Where: n = required sample size.

Zα /2 = 1.96 (Z = score corresponds to 95% confidence level).

P = proportion of patients with utility above the average.

d2 = margin of error (0.05)

$$ n=\frac{(1.96)^2(0.5)(0.5)}{(0.05)2}=384 $$

Considering a 5% of contingency for inappropriate and nonresponses, finally we interviewed a total of 404 patients. Since we used a face-to-face interview, all eligible patients approached were willing to participate in the study and none of the patient data were incomplete. Participants were recruited consecutively until the required sample size was reached.

Female patients pathologically diagnosed with breast cancer; both new and follow up were eligible for the study. Patients who were pregnant, critically ill (too weak to communicate, as per the assessment of oncologist), have a psychiatric disorder, can’t speak and/or read Amharic language, or are unwilling to participate in the study were excluded.

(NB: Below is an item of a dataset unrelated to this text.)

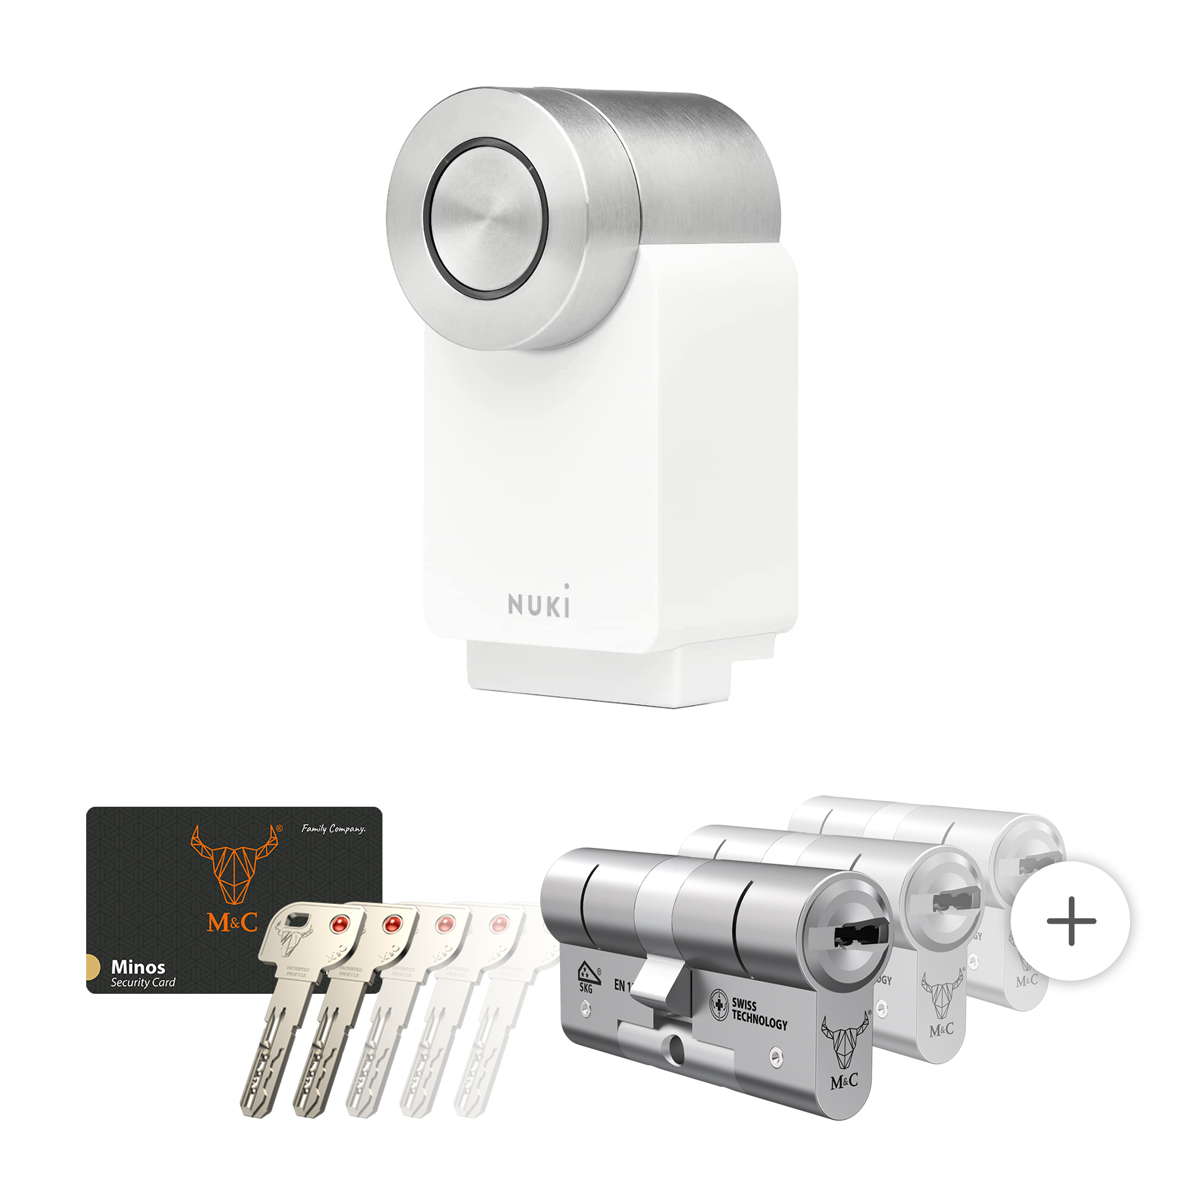 Nuki Smart Lock 4.0 Pro wit met cilinderslot M&C Minos kopen?

Data was collected by two trained oncology nurses working within the oncology clinic. Two days training was given for the oncology nurses focusing on; the contents of the questionnaire, the identification of patients based on the inclusion/exclusion criteria, and how to get consent. Participants were assured of anonymity and confidentiality of their information obtained in the study by excluding any personal identifier in the data collection form. They were also reassured that the report of the findings would not identify them and only the aggregate data would be reported. All the collected data were checked for completeness by the principal investigator on a daily basis.

Instruments and scoring

We used the validated Amharic version (official language of Ethiopia and the study area) of three data collection instruments: EORTC QLQ-C30, EORTC QLQ-BR23 and EQ-5D-5 L (Additional file 1).

  1. i.

    EORTC QLQ-C30: The EORTC QLQ-C30 consists of five functional scales (physical, emotional, role, cognitive, and social functioning), nine symptom scales (fatigue, nausea/vomiting, pain, dyspnea, insomnia, appetite loss, constipation, diarrhea and financial difficulties) and the GQoL scale, which aims to provide a multidimensional assessment of the HRQoL of patients based on 28 questions using a four-point scale. Two additional questions were used to determine the state of health on a seven-point Likert scale. Each of the multi-item scales includes a different set of items, no item occurs in more than one scale [14].

  2. ii.

    EORTC QLQ-BR23: The side-effects of therapy and tumour-related symptoms in patients with breast cancer was determined and recorded using the additional EORTC QLQ-BR23 module, which consists of 23 questions distributed across eight (sexual functioning, future perspective, body image, sexual enjoyment, systemic therapy, breast symptoms, arm symptoms, and upset by hair loss) with a four-point scales; from 1 = not at all to 4 = very much [14].

  3. iii.

    EQ-5D-5 L:The generic EQ-5D-5 L questionnaire assessed the HRQoL across five dimensions (mobility, self-care, usual activities, pain/discomfort, and anxiety/depression), with a 5-level response (from 1 = no problem to 5 = extreme problem) and the EQ-VAS scale on which the overall state of health is marked by the patient in the form of a number (0 = worst imaginable state of health, 100 = best imaginable state of health). The utility value between the worst and best health state is on a scale from 0 to 1, where 0 denotes death and 1 denotes perfect health. EQ-5D-5 L is highly discriminatory, easy to use and can generate a single total score based on socially relevant measures of HRQoL [15].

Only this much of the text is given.